Nathaniel Hawthorne es padre de La letra escarlata. Vino, aquí, el 4 del siglo XIX para irse el 64. En variados e irrepetibles instantes de esos sesenta años tuvo el buen tino de apuntar argumentos de cuentos fantásticos. El que sigue constituye, de suyo, un micro-cuento íntegro. Su título: El testamento. Veámoslo: “Un hombre rico deja en su testamento su casa a una pareja pobre. Ésta se muda ahí; encuentran un sirviente sombrío que el testamento les prohíbe expulsar. Este los atormenta: se descubre, al fin, que es el hombre que les ha legado la casa”. Tan inquietante relato suscita algunas ideas. Una: que toda recompensa exige al recompensado pagar un precio. Otra (derivada de la anterior): que no existe la gratuidad. Otra: que el destino puede ser irónico. Lo asombroso es que un hombre fabrique una narración provista de los atributos de su género creyendo haber fabricado un apunte de la misma. A veces la literatura emerge del instinto (y no del azar). A veces del sueño (y no del ingenio). A veces del deseo (y no del interés).          

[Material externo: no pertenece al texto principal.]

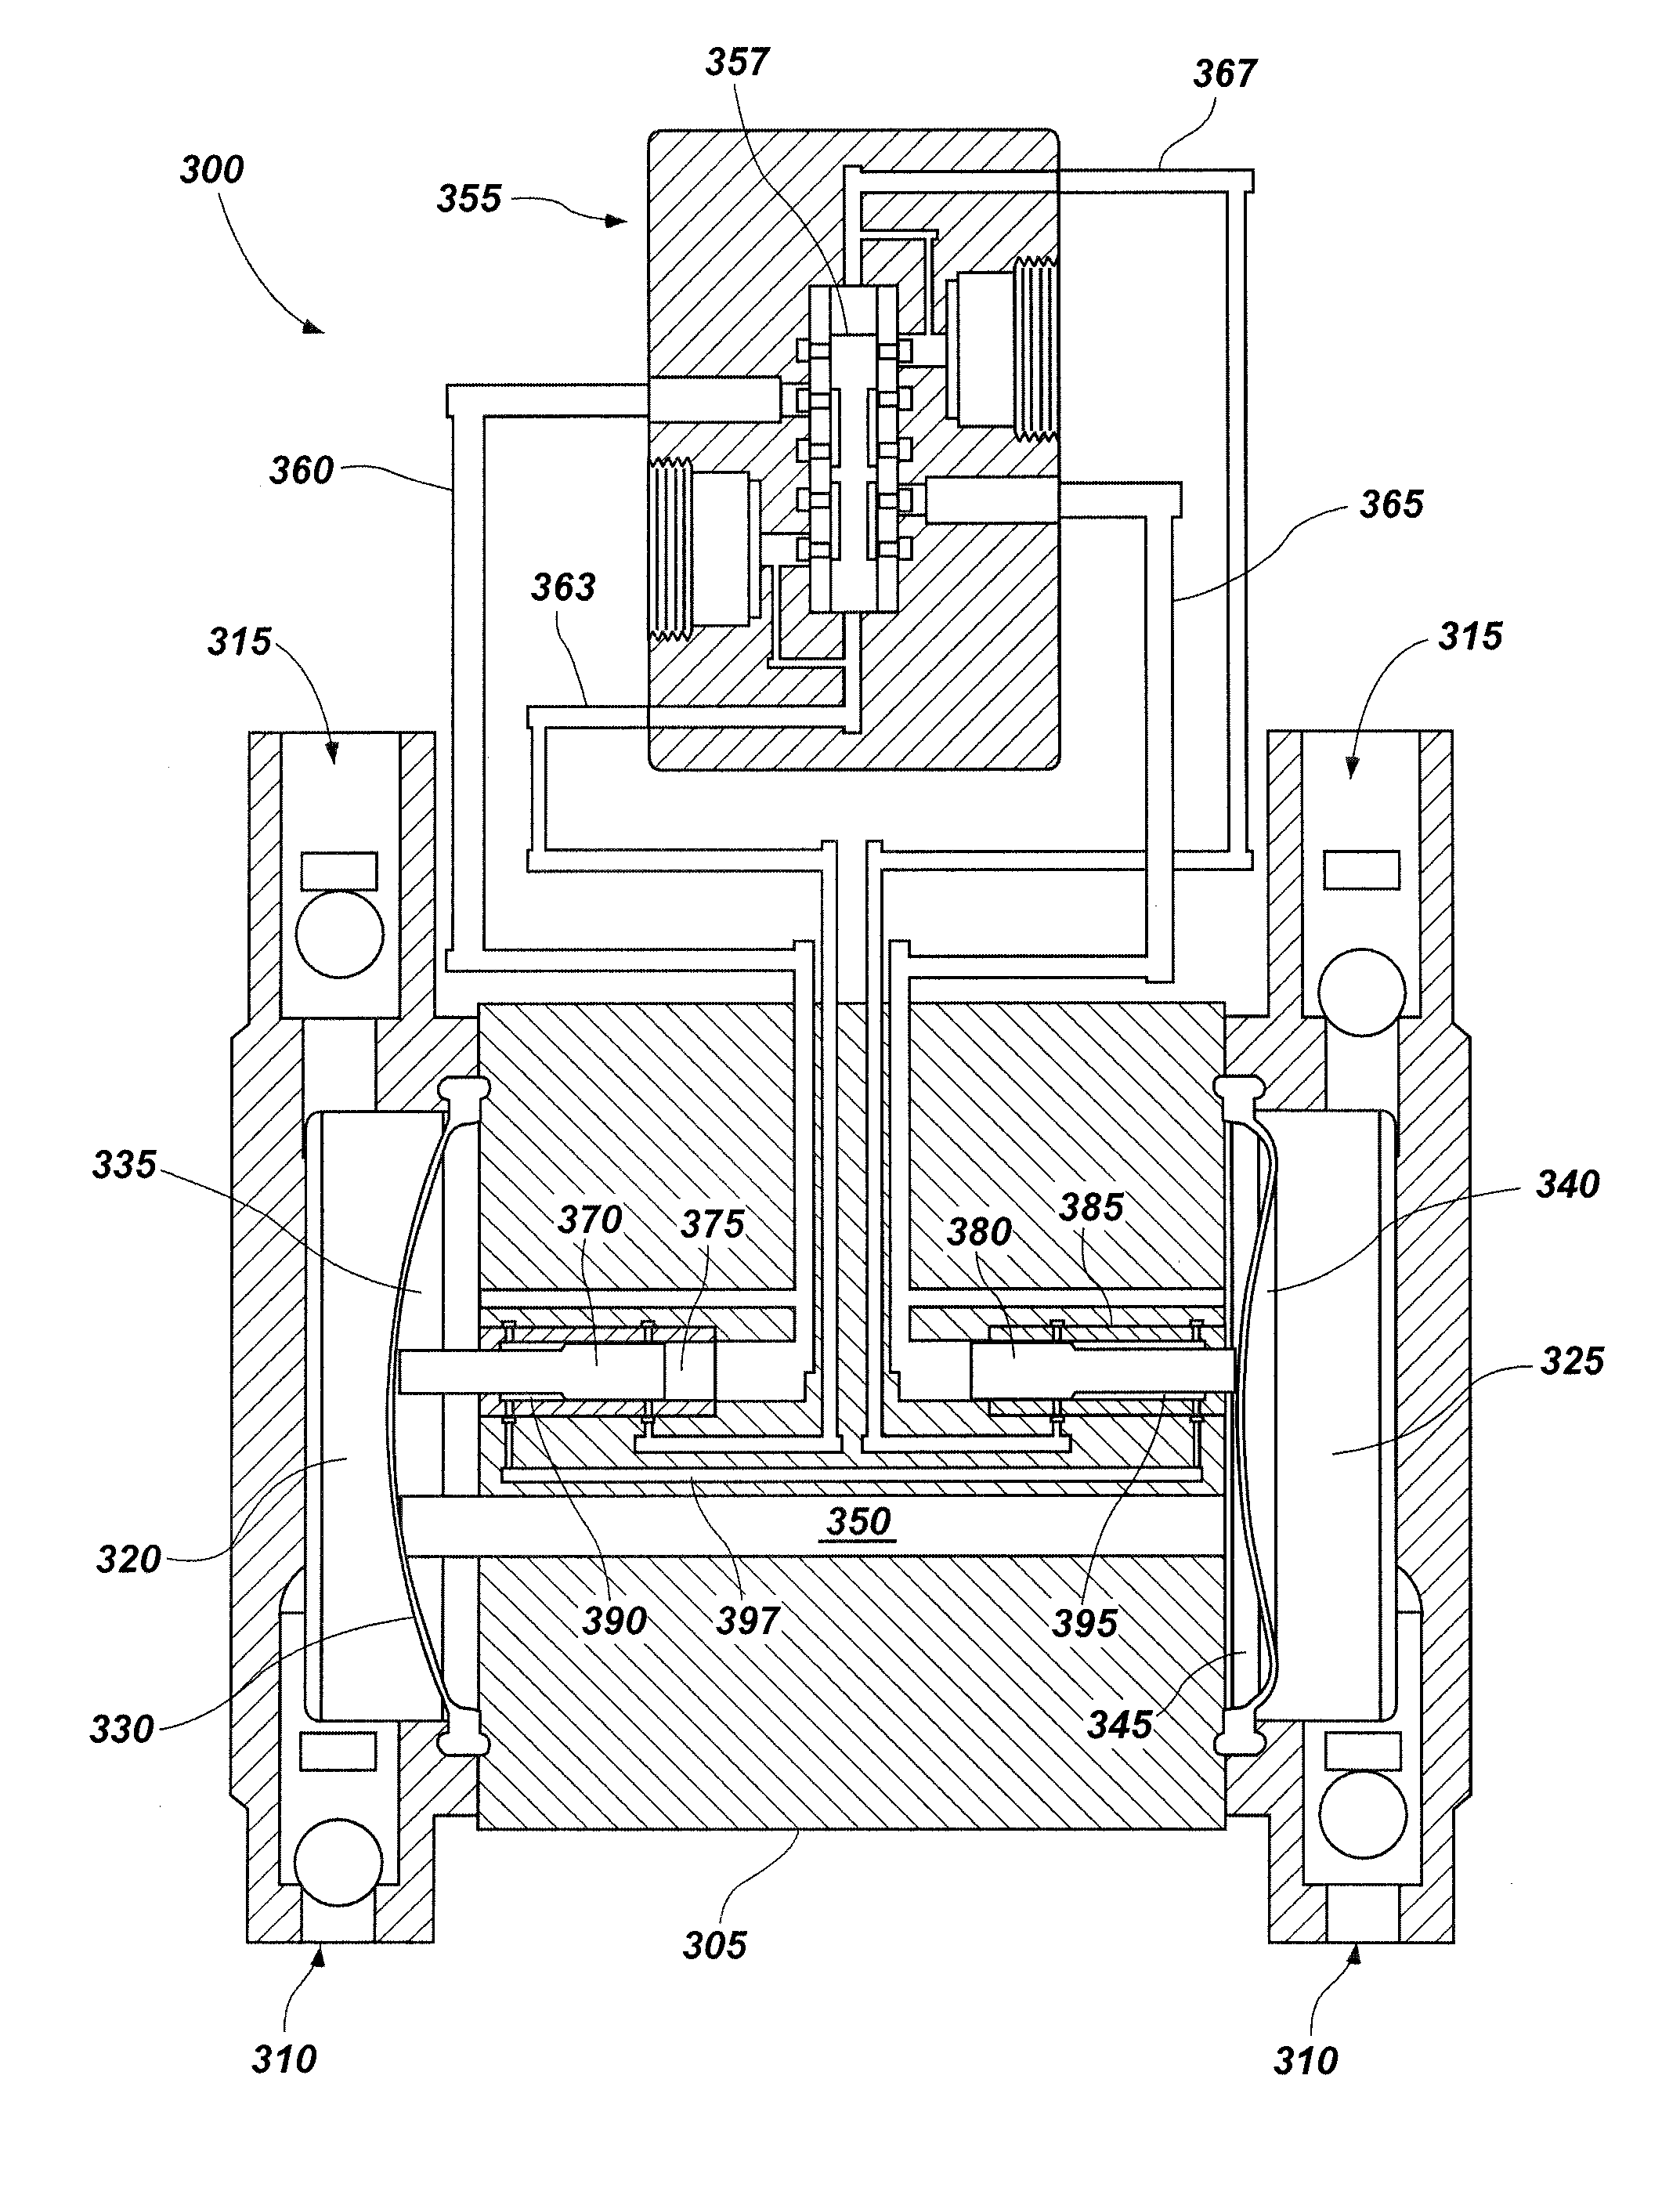 Piston systems having a flow path between piston chambers, pumps including a flow path between piston chambers, and methods of driving pumps

domingo, 8 de enero de 2017

247/ Un joven-viejo habla desde la fiebre

A Ana Alba

Hay un desconcierto falso en las postrimerías de la juventud física: la nitidez de las apariencias. Una arruga aquí, una flaccidez allá, una variz acullá. Todo es falso. Lo falso no es el hecho de la aparición de tales hitos en el cuerpo. No. Lo falso es la meridiana nitidez del hecho. No hay tal nitidez. Es prueba que el prójimo no se percata de ello. Solo la última juventud lo percibe. ¿Cómo? Observándose eternamente ante el espejo. ¿Cuándo? Día tras día. Abro paréntesis. Ella no advierte que el espejo le tiende una trampa: la de manifestar lo que solo potencialmente está presente. Cierro paréntesis. ¿Dónde? En el pensamiento distorsionado del joven-viejo. En su voluntad tenaz de envejecer. Y no en otro lugar cualesquiera.
     Lo que la juventud última debería ver frente al espejo no es otra cosa que una certeza: la de acaparar (aún) futuro. Un futuro que se esboza en un recto (o poco combado) espinazo. En unos frondosos cabellos con pretensión de ser blancos pero entreverados de gris y de negro. En unos vivaces ojos azules. En un corazón que no deja de demostrar, demostrándole al par al joven-viejo, tañidos ágiles. En unas piernas fornidas. En unos brazos atléticos. La juventud última solo ve su fingida (por ansiada) decadencia. Cuando alguien se empeña en caer, cae, cae o se tira (¡contra el piso da de bruces de todas todas!). 
     Lo peor de envejecer antes de tiempo es acostumbrarse a ello. En toda costumbre anida la malévola idea de un veredicto que no admite prueba en contra. El hábito se transforma, entonces, en irrefutable verdad. Pero su raíz es falsa. Habría que remover el terruño de la baja autoestima para extraerle al embuste la raíz y sembrar otra flora en ese hueco. La empresa no es baladí y es factible. Solo hay que mudar el pensamiento como quien muda de camisa. O de opinión. Al cabo algo germina… 
    No creo que deba incitarse la vejez. Ese perro muerde de apoco y no una sola vez sino muchas. De eso a irritarlo para que lo haga (morder) va un trecho notable. Se le acopla un collar (anti pulgas o no) y se le encasqueta un bozal y ya está: problema resuelto. O casi. O temporalmente. La ancianidad no perdona. Cierto es. ¿Y no da tregua en tanto que, de forma progresiva, se manifiesta cual fantasma larga y amargamente aguardado? ¿Y no es su manifestación natural una tregua de efectos paulatinos en tanto la juventud se resiste a ausentarse de cuerpo y mente?
     He escrito lo que precede desde la fiebre. Un virus. Lo contraje en el gimnasio. Creo. Tampoco es que él me espetara: ¡ea, ya me tienes, todo tuyo soy! Lo sé por una cuestión radical y acaso errónea: al día siguiente empecé a notar los primeros síntomas. Mucosidad imaginativa. Dolor de cabeza ideal. Flojedad de argumentos musculares. Fiebre. Perdóneseme, por ello, el desvarío.